Pembaca yang mulia, sesungguhnya seorang ayah dan pimpinan keluarga juga memiliki beban amanah yang harus ditunaikan, yaitu mendidik anak-anak dan istrinya, meluruskan akhlak mereka, membiasakan mereka mengerjakan kebaikan, meninggalkan keburukan dan melaksanakan serta menjaga hak-hak yang telah Allah ta’ala wajibkan kepada mereka.
Demikian halnya penjual dan pembeli mempunyai amanah yang harus mereka tunaikan. Amanah tersebut adalah kejujuran dan keterbukaan, tidak berdusta dan tidak pula menyembunyikan cacat pada barang tersebut. Demikian pula orang-orang yang mempunyai mata pencaharian lain, seperti tukang bangunan, tukang kayu, pengrajin dan selainnya, hendaknya mereka menunaikan amanah dengan ikhlas dalam pekerjaan mereka serta melaksanakannya dengan sempurna sebagaimana mereka menuntut hak mereka dengan sempurna.

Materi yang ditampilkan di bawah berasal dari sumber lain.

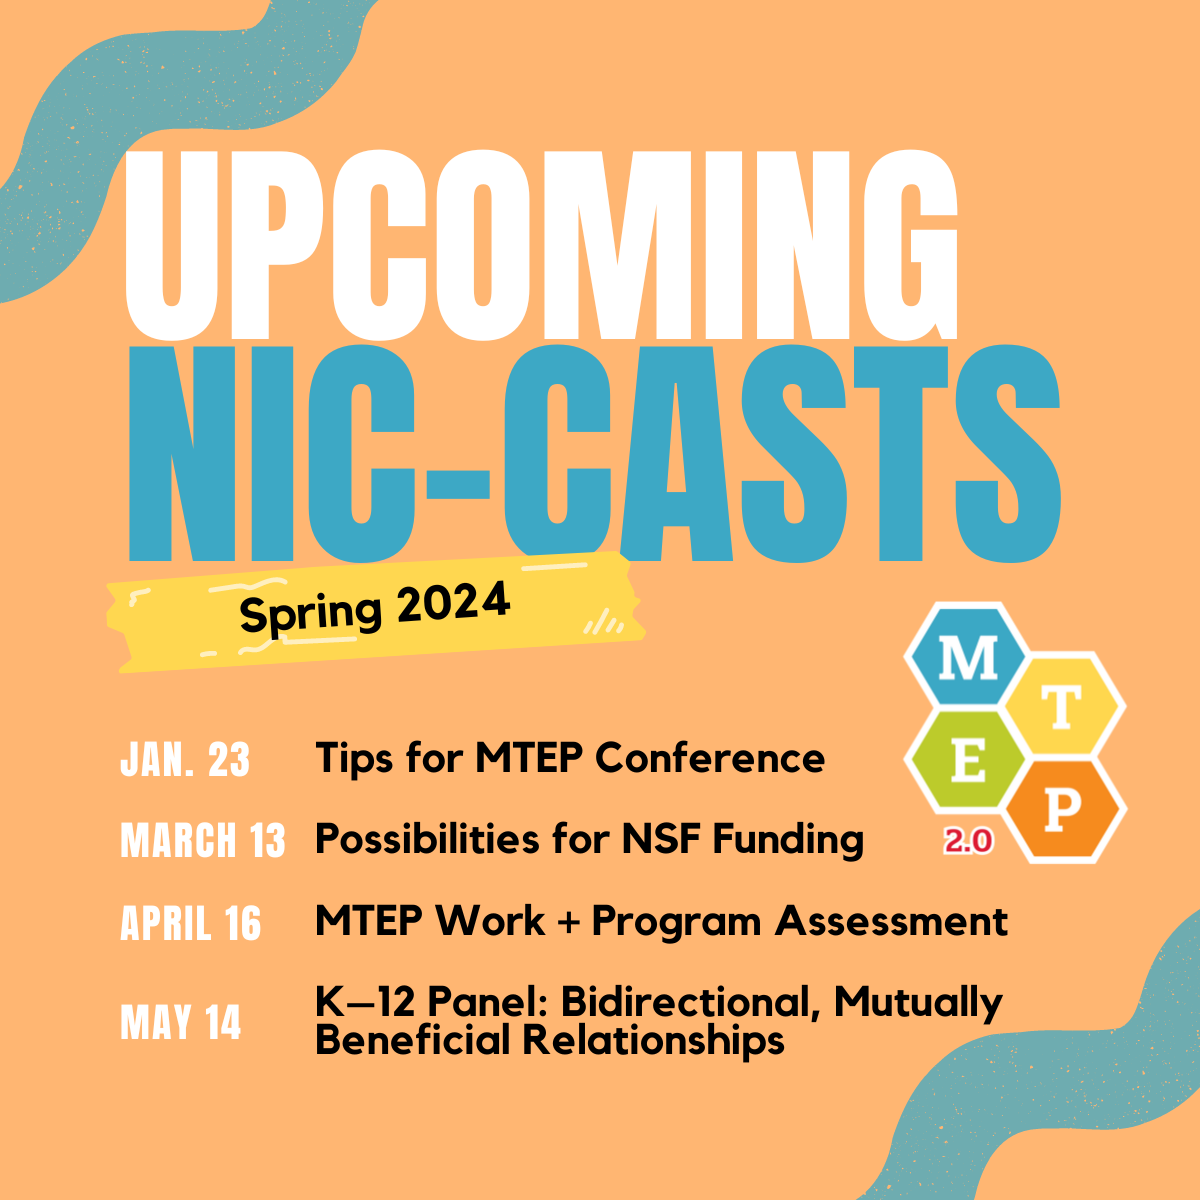 MTEP 2.0 will host NIC-Casts in Jan., March, April, and May 2024.

Para pembaca yang budiman, sesungguhnya kalimat ringkas yang mencakup pengertian amanah adalah anda menunaikan kewajiban anda sesuai yang diinginkan tanpa melalaikan dan melampaui batas. Sehingga, barangsiapa menunaikan amanahnya, niscaya ia beruntung dan siapa saja yang melalaikannya, pasti ia merugi.
Kita memohon kepada Allah ta’ala agar menjadikan kita termasuk hamba-hamba-Nya yang mampu menunaikan semua amanah dengan baik dan memberikan kebahagiaan bagi kita semua di dunia dan akhirat. Allahu a’lam.